### Description of the task
Within the entries below, please return exactly the lines from the one with "Drip'n EVO 10k- Green Apple" through the one with "Carbon fiber paddles Slalom - Rile Spoon", leaving out any pictures.

### Data supplied
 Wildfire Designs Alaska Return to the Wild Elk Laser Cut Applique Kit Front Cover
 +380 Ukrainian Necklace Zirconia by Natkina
==
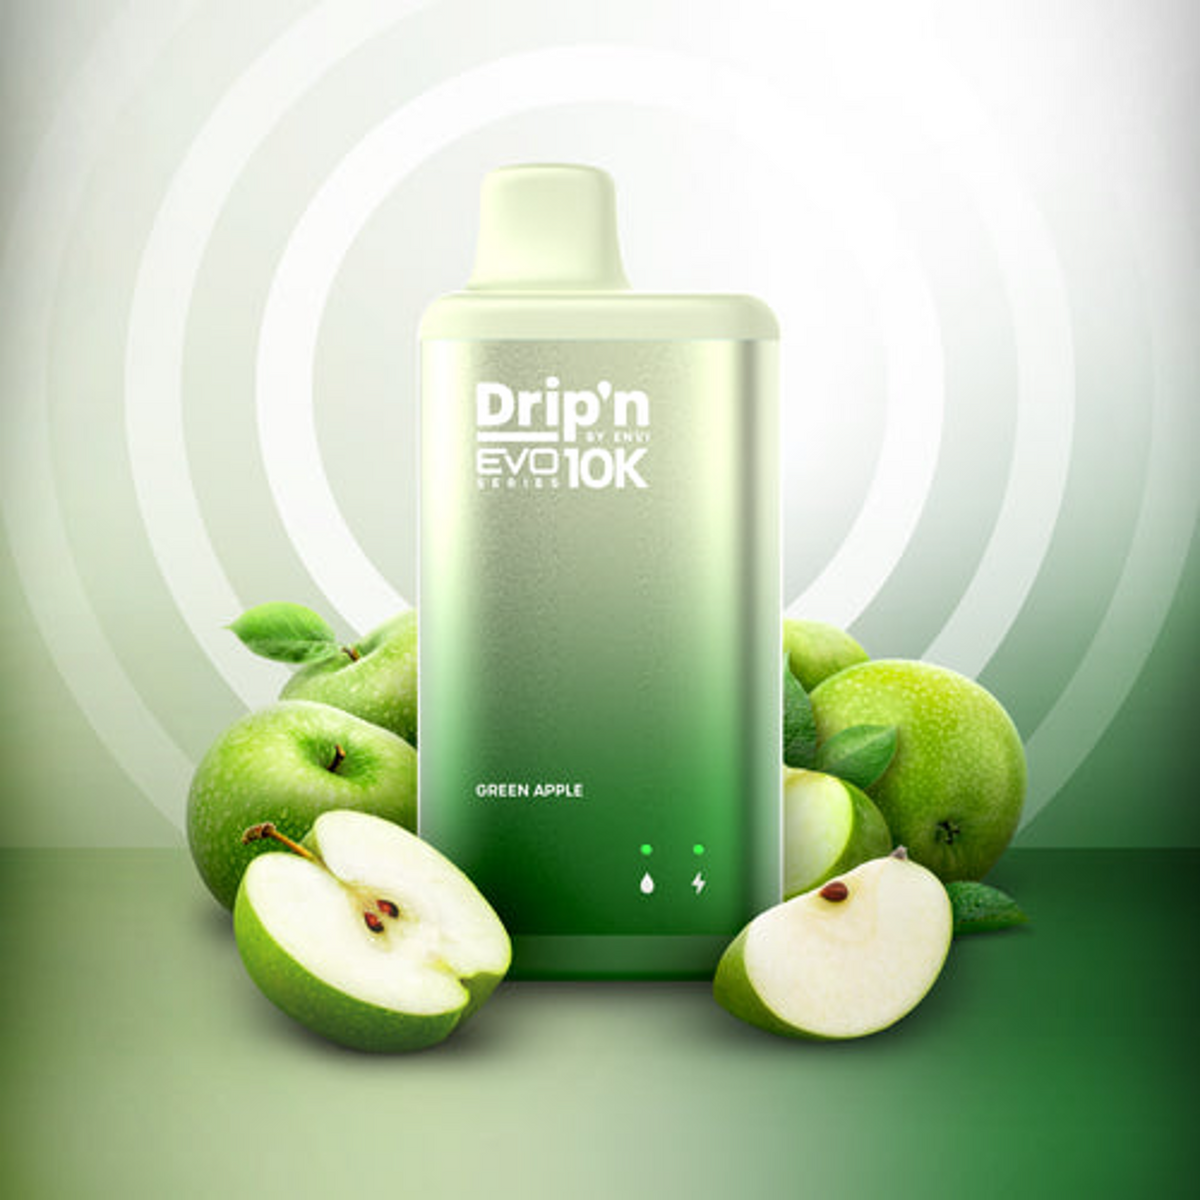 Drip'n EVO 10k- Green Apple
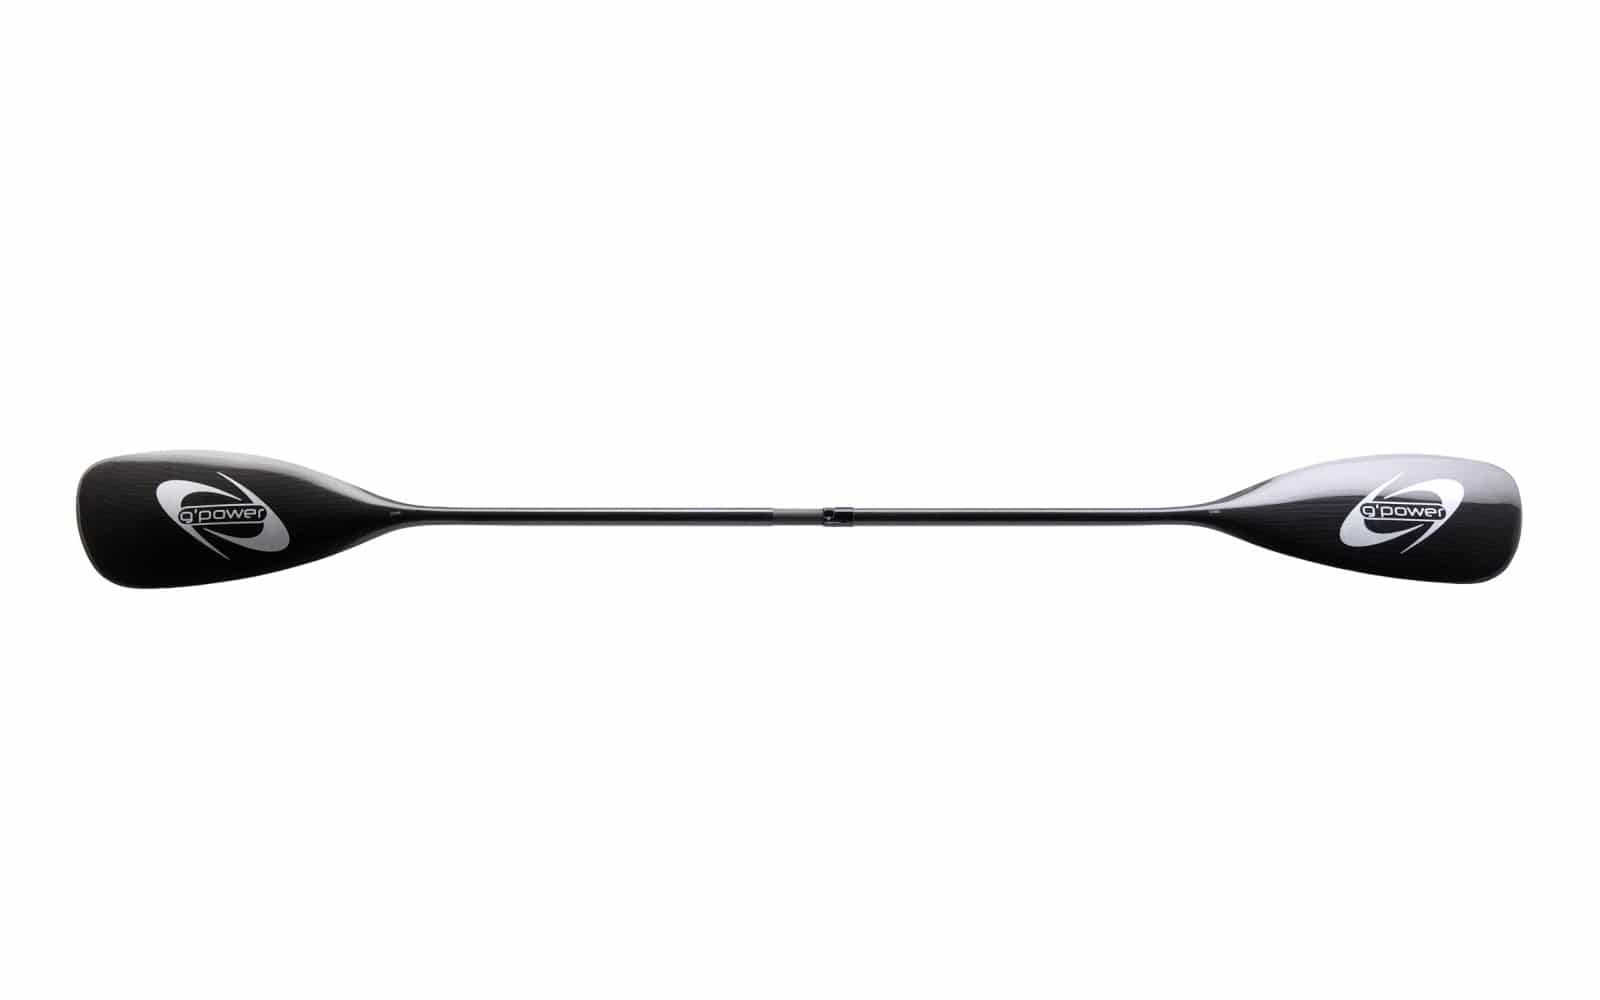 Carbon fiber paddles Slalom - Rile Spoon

### Output of the task
 Drip'n EVO 10k- Green Apple
 Carbon fiber paddles Slalom - Rile Spoon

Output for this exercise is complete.